Polkinghorn also commended local and state law enforcement agencies, “not just for their diligence to community safety and their long-standing partnership with the school district, but for bringing that incident to closure without anyone getting injured or killed.
“All too often, we hear about incidents like this that end in the suspect and/or a police officer getting shot and/or killed. The skill and patience exhibited by our city police, county sheriff and state police is to be commended,” he said.
“The ability to lock down our schools and work with law enforcement so closely is not by accident,” said Board Vice President Chrissy Reitz. “It’s really something that the district has fostered. Not very many years ago, we would not have the ability to lock down our schools, because there just wasn’t that central system in place. I think it’s really important to note that we have those safety measures in place because the board and the district has made a concerted effort to do that.”

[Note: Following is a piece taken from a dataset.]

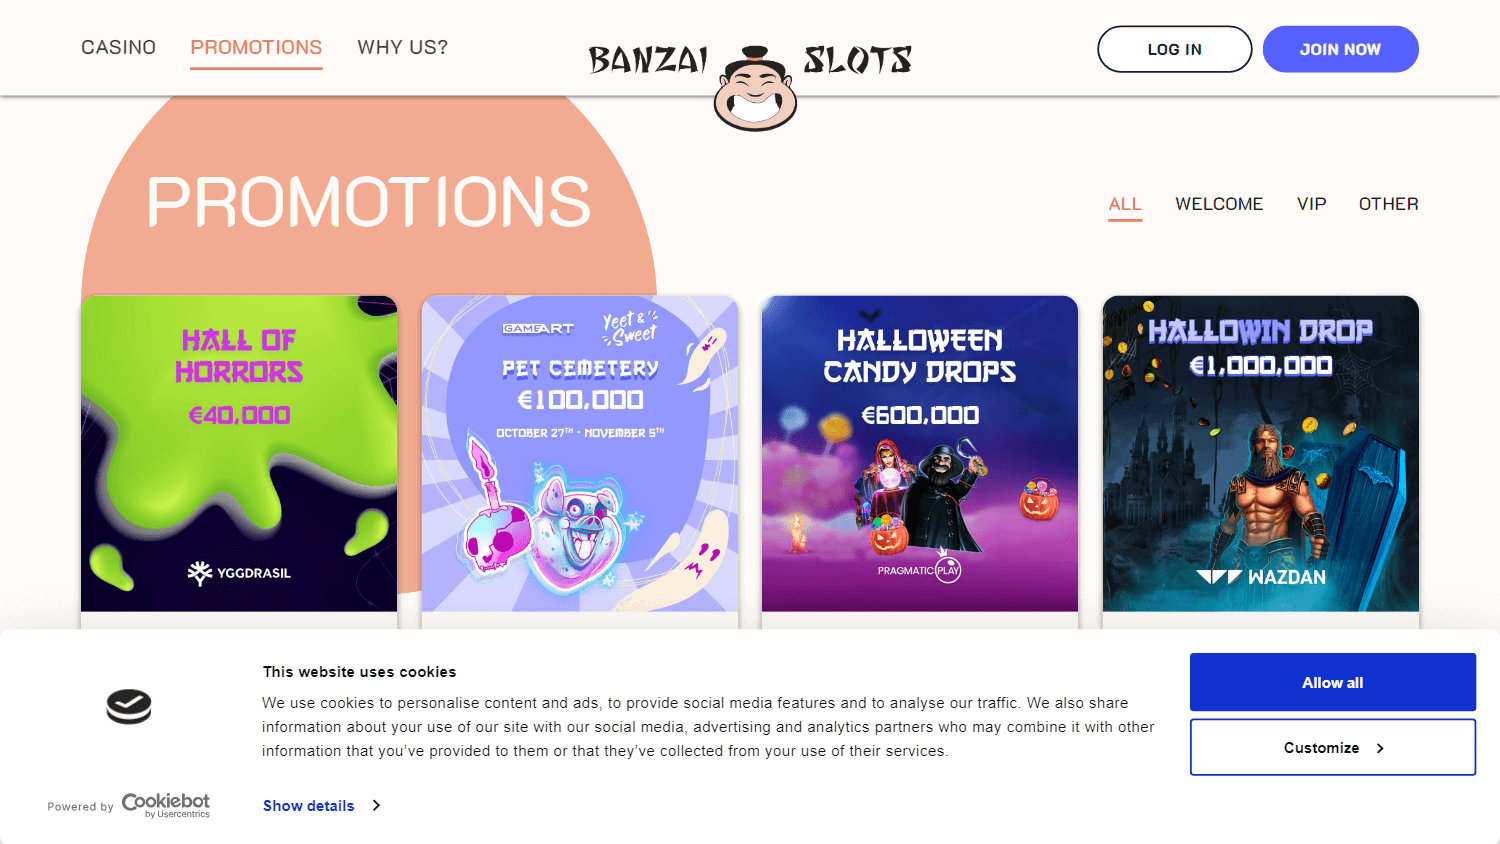 banzaislots_casino_promotions_desktop

She added that the district’s relationship with law enforcement is special, “and it does not happen everywhere. I really commend the district and all of our law enforcement for realizing how important that really is.”

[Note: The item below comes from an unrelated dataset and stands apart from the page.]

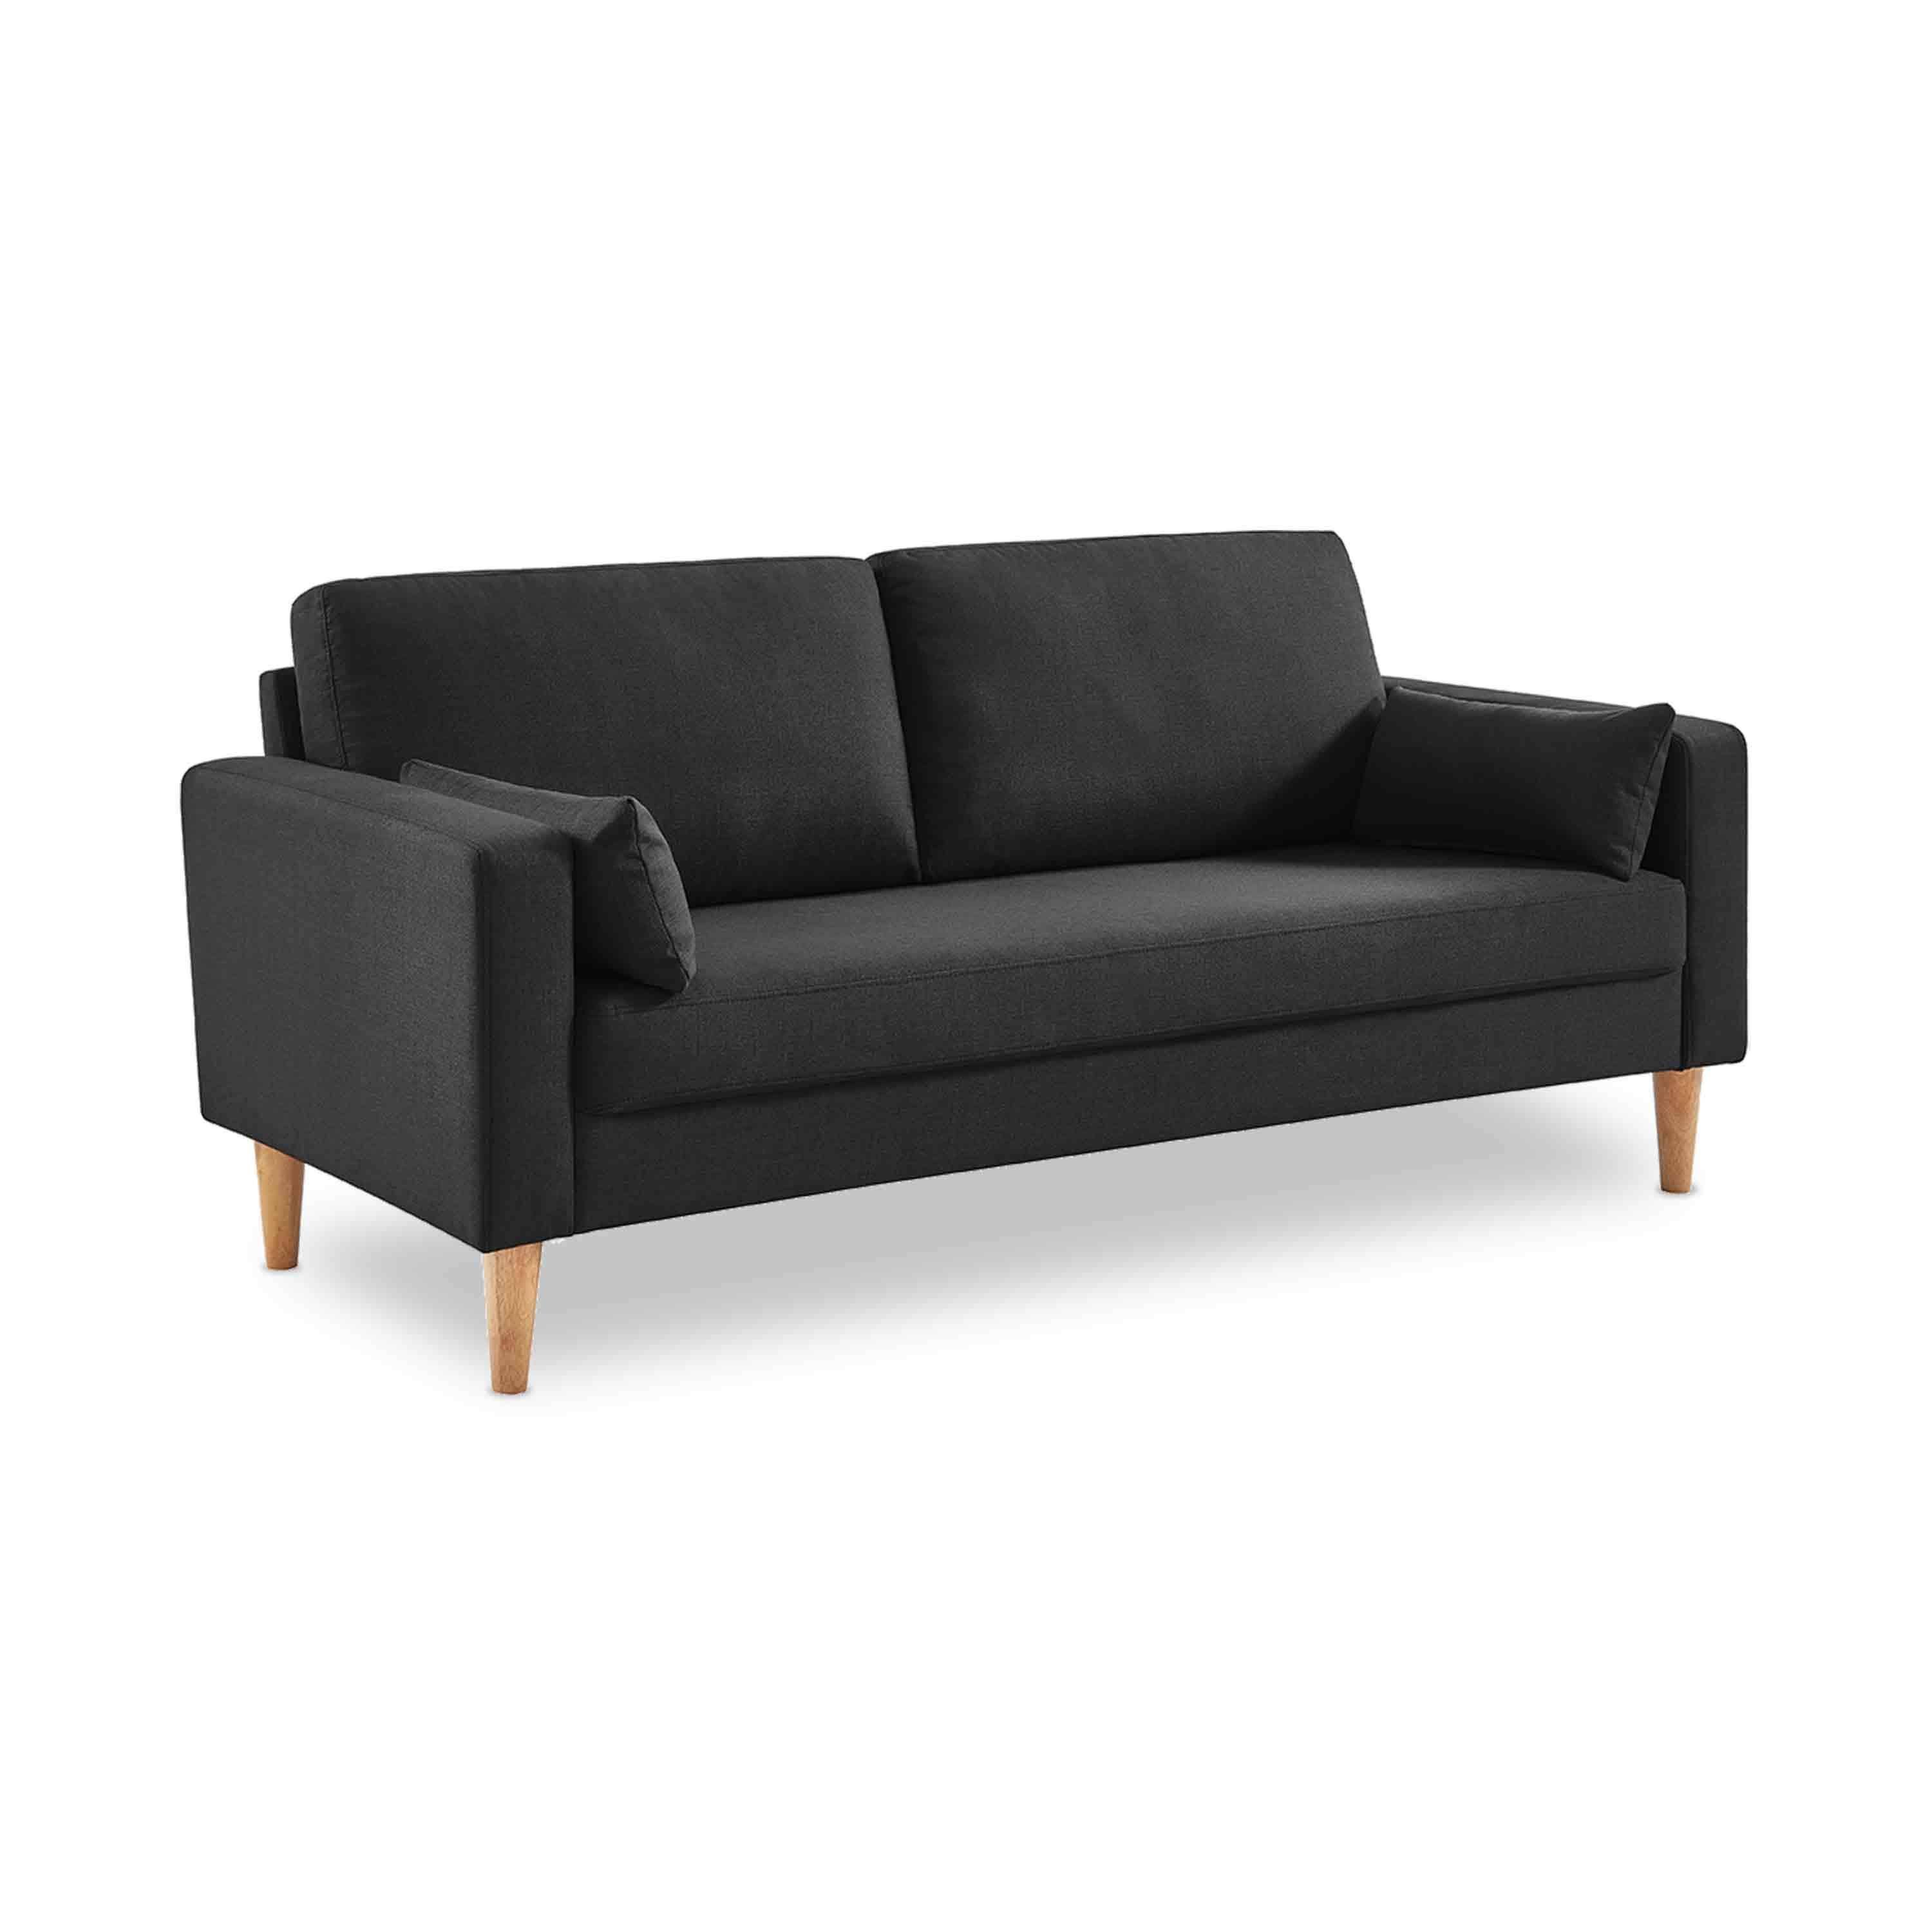 Large 3-seater sofa Scandi-style with wooden legs - Bjorn - Dark Grey,sweeek,Photo2

The board unanimously voted to accept a total of $53,580.95 in impact grants from Hood River County Education Foundation. Director of Curriculum and Instruction Bill Newton said 30 individual grants were given, as follows:
Hood River Valley High: $15,655.89 for 10 grants
Hood River Middle: $3,170.49 for three grants
Wy’east Middle: $5,294.47 for five grants
Parkdale Elementary: $2,000 for one grant
Westside Elementary: $5,521.88 for three grants
Mid Valley Elementary: $6,000 for two grants
Hood River Options Academy: $3,682.73 for three grants
Combination of all five elementary schools: $12,255.49 for three grants
The grants will be used to support educators, student-led projects, staff development and/or non-academic learning opportunities.
The board unanimously approved a resolution to renew the current five-year Local Option Levy, approved by voters in May 2018 and set to expire at the end of the 2022-23 school year. (See related story.)
The board also heard an update on the district’s AVID program from Newton, Assistant Director of Curriculum and Instruction Amy McConnell, and HRVHS AVID Site Leader Doug Beardsley, along with HRVHS AVID students Wilfrano Solano, a sophomore, and Giselle Gonzalez and Araceli Lopez, seniors — whose reports moved many of the board members to tears. (A full story will appear in an upcoming edition.)
Pat Sublette, Columbia Gorge Education Service District (CGESD) superintendent, presented details regarding the 2023-24 local service plan, of which HRCSD is a part. The plan uses both state school dollars and local taxes allocated by the service district on behalf of the districts it serves; remaining funds are sent to districts in the form of flow-through dollars, she said. The board voted unanimously to approve the service plan.
Holmes additionally asked board members to declare a number of items — most of which are Chromebooks the district is in the process of replacing — as surplus property so it can be sold either by sealed bid or by a negotiated sale to the public. The board unanimously approved the motion.